A typical SIM (19 digits) example 89 91 10 1200 00 320451 0, can provide us with several details in Table 1.
|Digit Position||Example||Description of digit positions|
|First two digits||89||Major Industry Identifier|
|Next two digits||91||Country Code (91 is for India)|
|Next two digits||10||Issuer Identifier Number|
|Next four digits||1200||Month and Year of build|
|Next two digits||0||Switch Configuration Code|
|Next six digits||320451||SIM number|
|Last digit||0||CheckSum Digit|
Table 1: Details of 19 digits in a typical SIM card.
These digits can be further grouped for additional information
• The Major Industry Identifier, Country Code, and Issuer Identifier Number make up the Issuer Identification Number (IIN) which is maximum upto 7 digits.
• The next several digits which may be of variable length represent the Individual Account Identification Number.
• The last digit is the checksum digit .
SIM cards which are technically smart cards containing an embedded EEPROM memory chip. The EEPROM chip in the smart cards is the same flash memory devices that are the same flash memory devices that are present in pen drives, SSDs, etc. Hence, it is possible to recover data from other electronicmemory chipdevices.
But SIM cards in damaged conditions might become unrecognizable by the SIM extraction device being used. Therefore, the card should be properly cleaned before being subjected to the process of extraction.
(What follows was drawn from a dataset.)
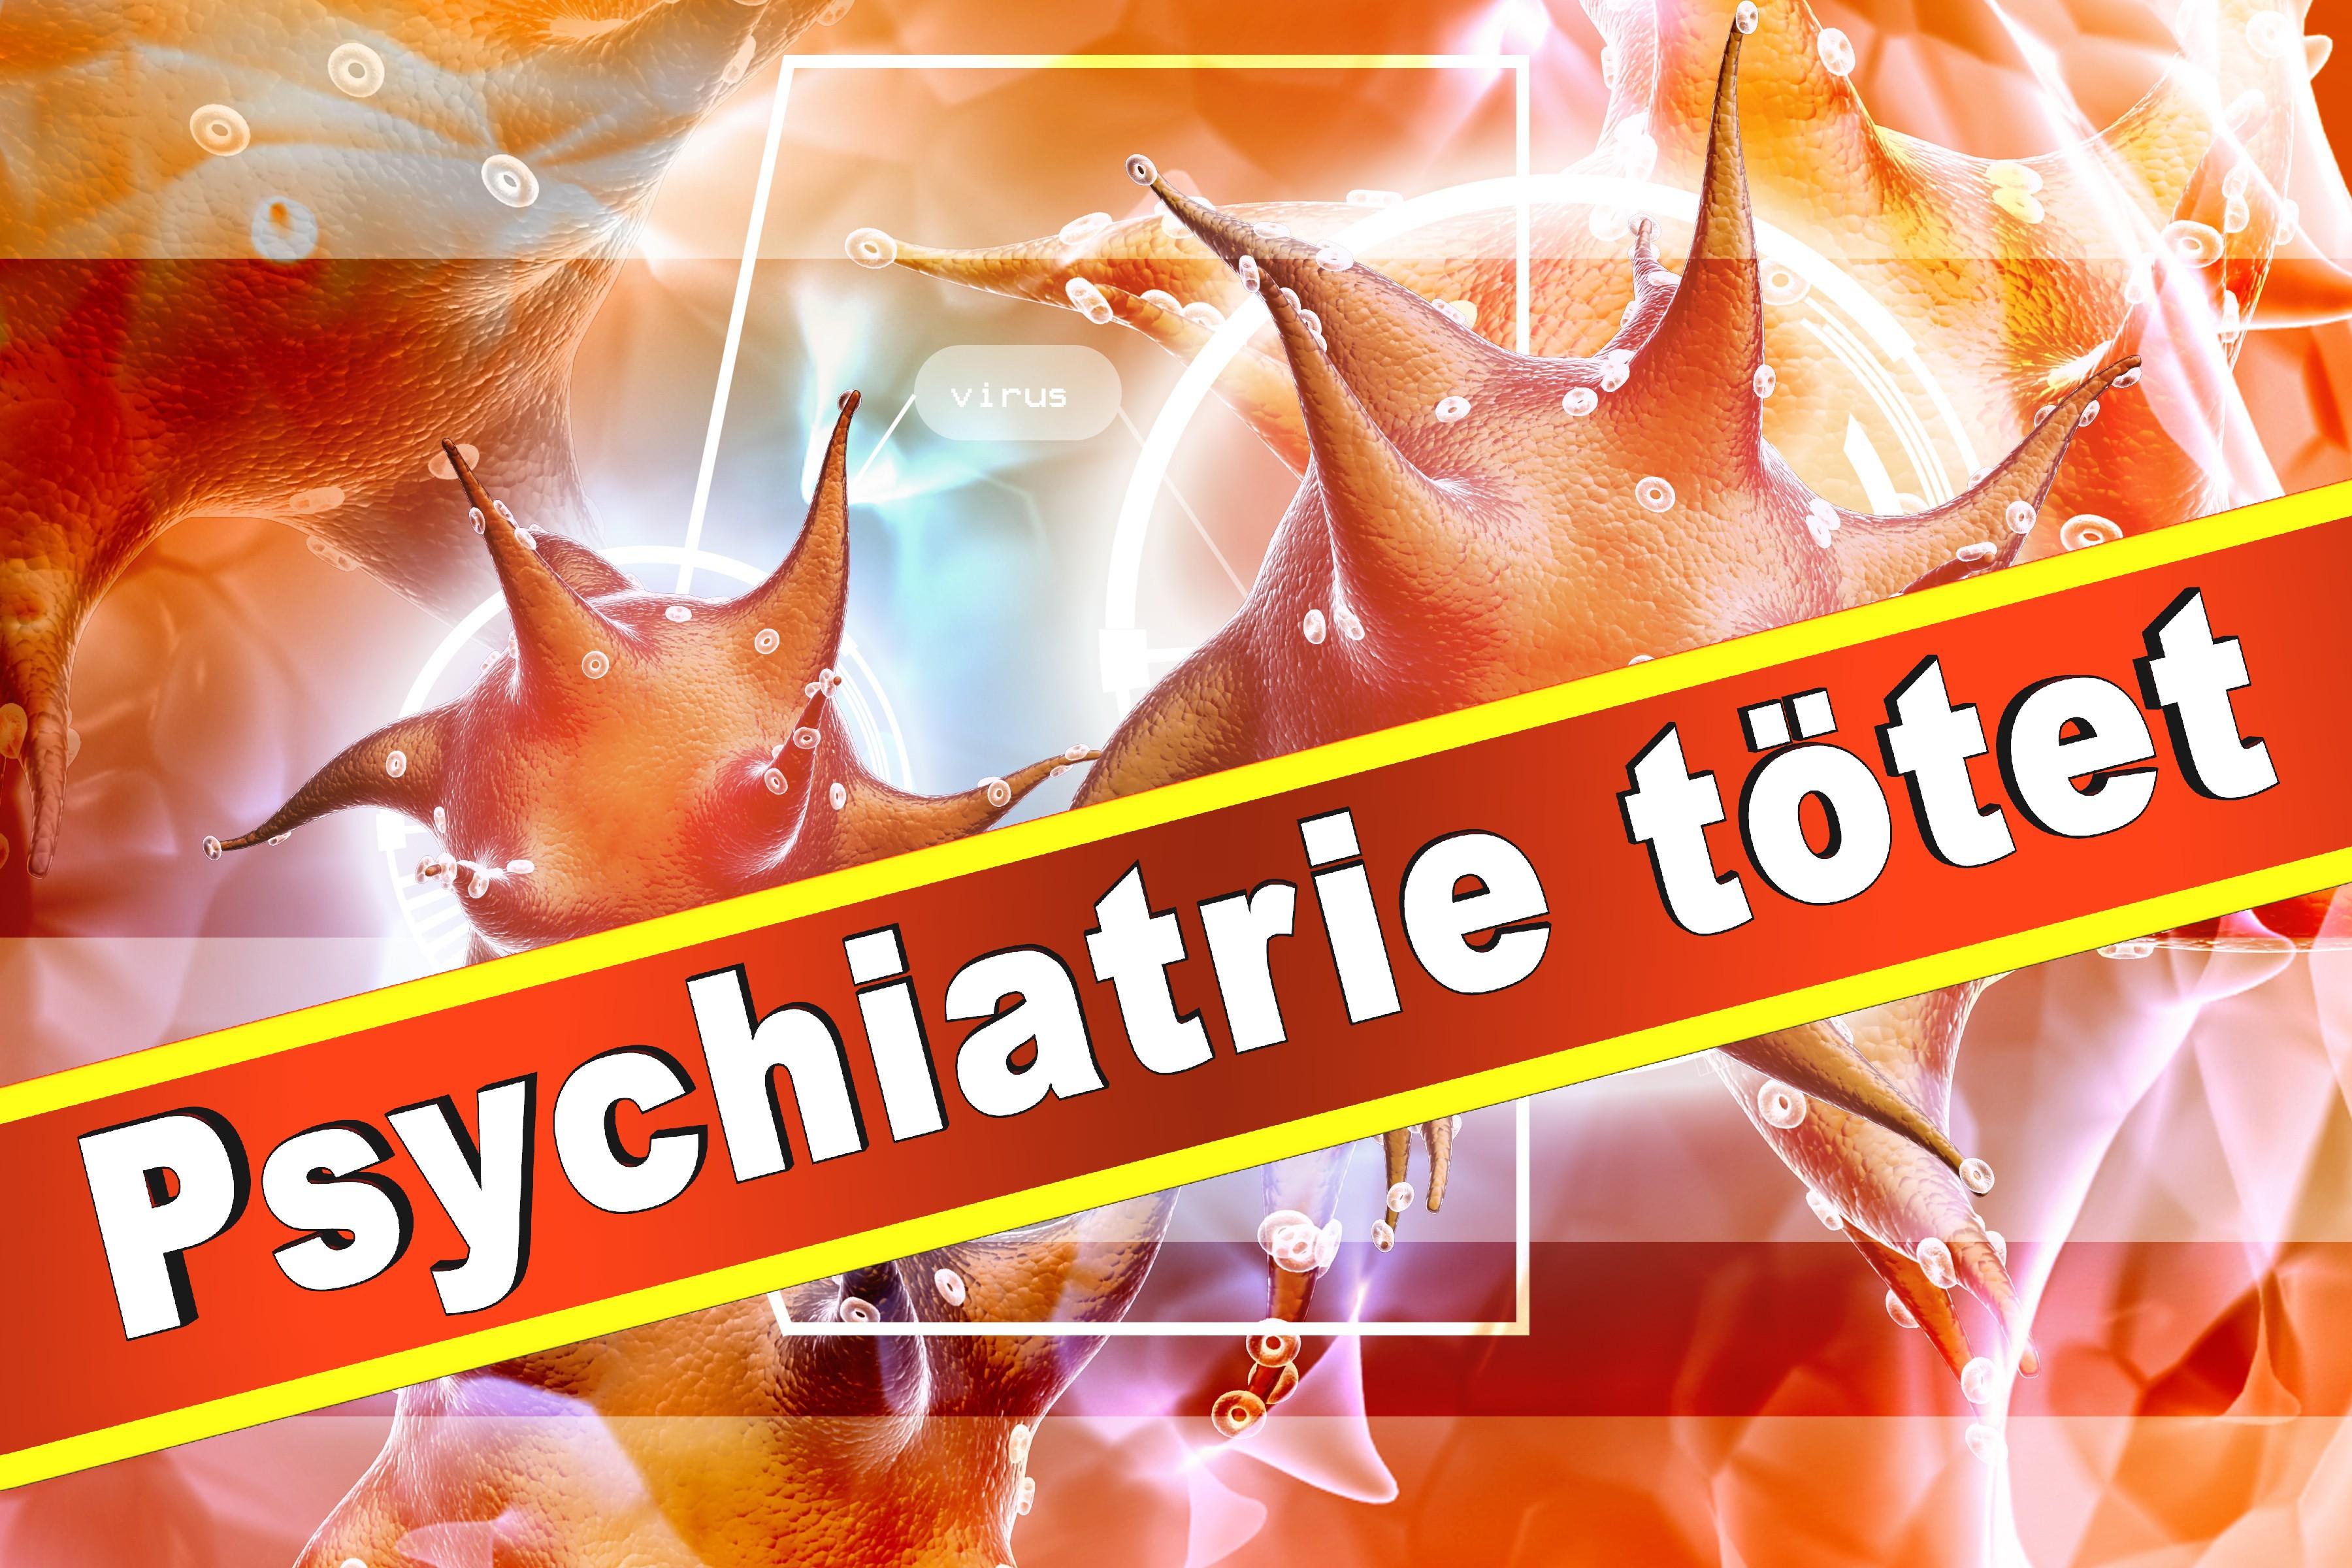 Dr Markus Just Arzt Hannover Gutachten Psychiater Facharzt Psychiatrie
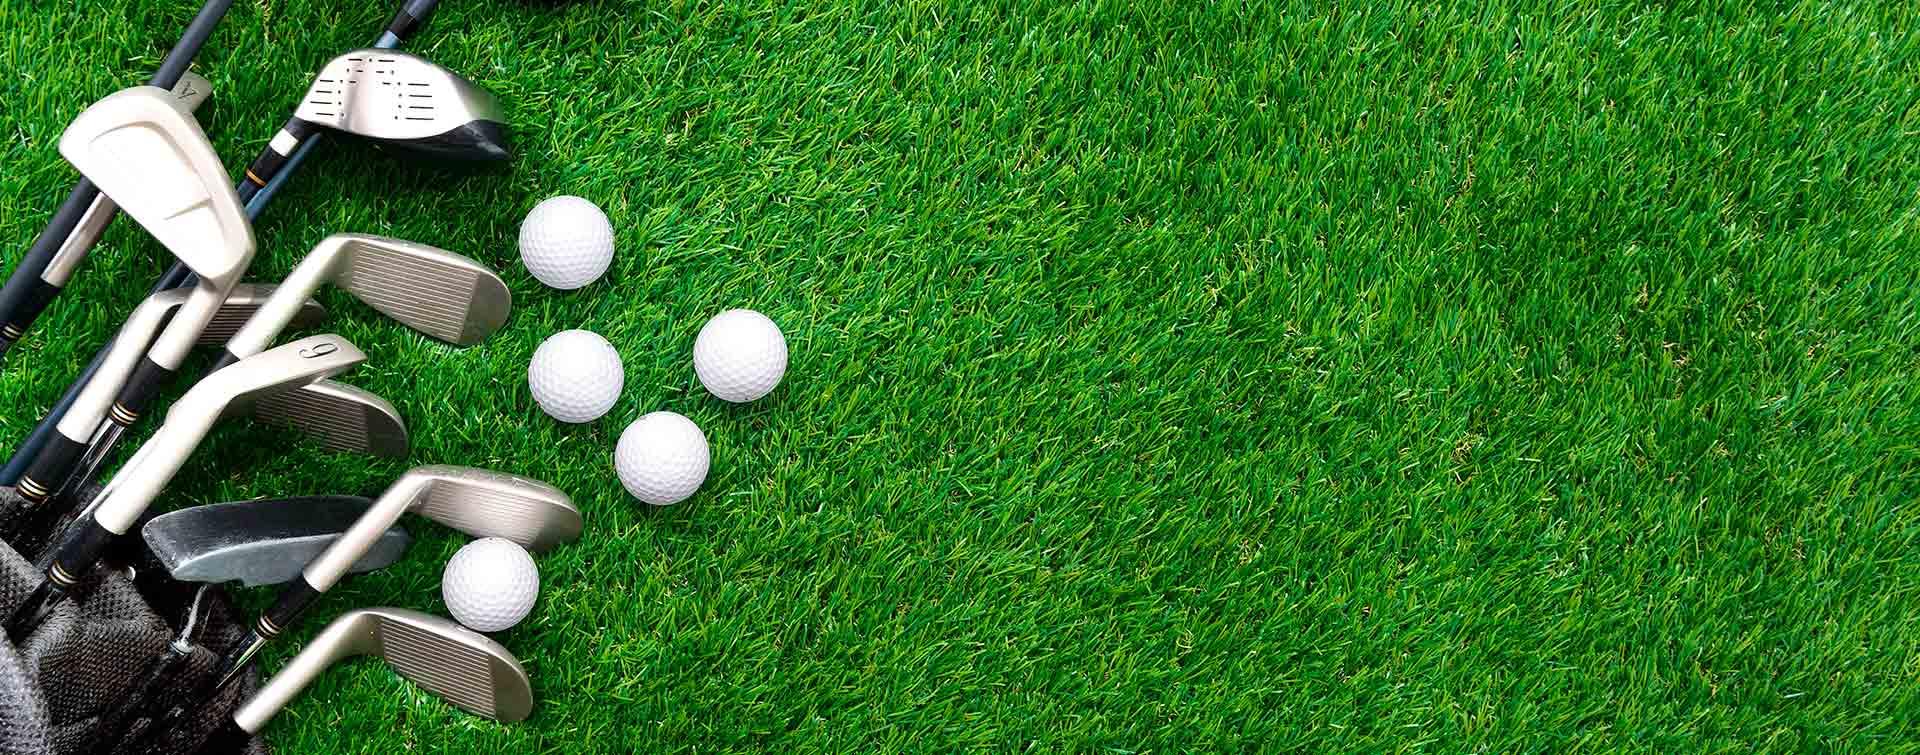 Cabecera Torneo aniversario de golf Segunda Edición 2021 en La Galera

In the field of forensics, Digital Forensics laboratories may receive SIM cards in various unusual conditions, from soiled, dusty, to physically broken SIM cards. The connecting plates of the SIM cards might be rusted or soaked with blood.
• SIM cards can contain crucial information, for example, messages having login IDs and passwords related to one’s bank accounts and social networking sites.
• SIM cards may also contain personal and professional messages, important contact information, call logs, etc.
• Deleted messages can also be recovered from SIM cards.
• Data in SIM cards are not destroyed by heat, flame, dust, soil, moisture, stains or magnetic fields. Hence, environmental conditions have no effect on the data stored in SIM cards.
• Only after going through physical damage a SIM can be rendered unreadable, but scratches and striations do not make the SIM card unreadable.
• SIM cards inflicted by stone, hammer or bitten by teeth that create compression marks on the metallic circuit of the card become unreadable.
• Even SIM cards that have become unreadable can be read after replacing the EEPROM chip into a new SIM card or by connecting it to proper probes.
• People should be made aware that SIM cards should not be simply discarded without breaking it into two pieces to make it nearly impossible by a stranger or a criminal to steal private data easily, barely by using a SIM card reader.
• SIM cards are vital as forensic evidences as it contains location information and a list of all the network towers it has recently connected to. Call logs of a suspect or a criminal can be of immense value in the proceedings of an investigation.
• In cases of suicide, accidental drowning, road accidents, mass disasters where the mobile device of the unknown victim gets broken or gets switched off due to battery discharge, if the SIM card is taken out and read with a SIM card reader, we can get to know about the victim by extracting information from their SIM card.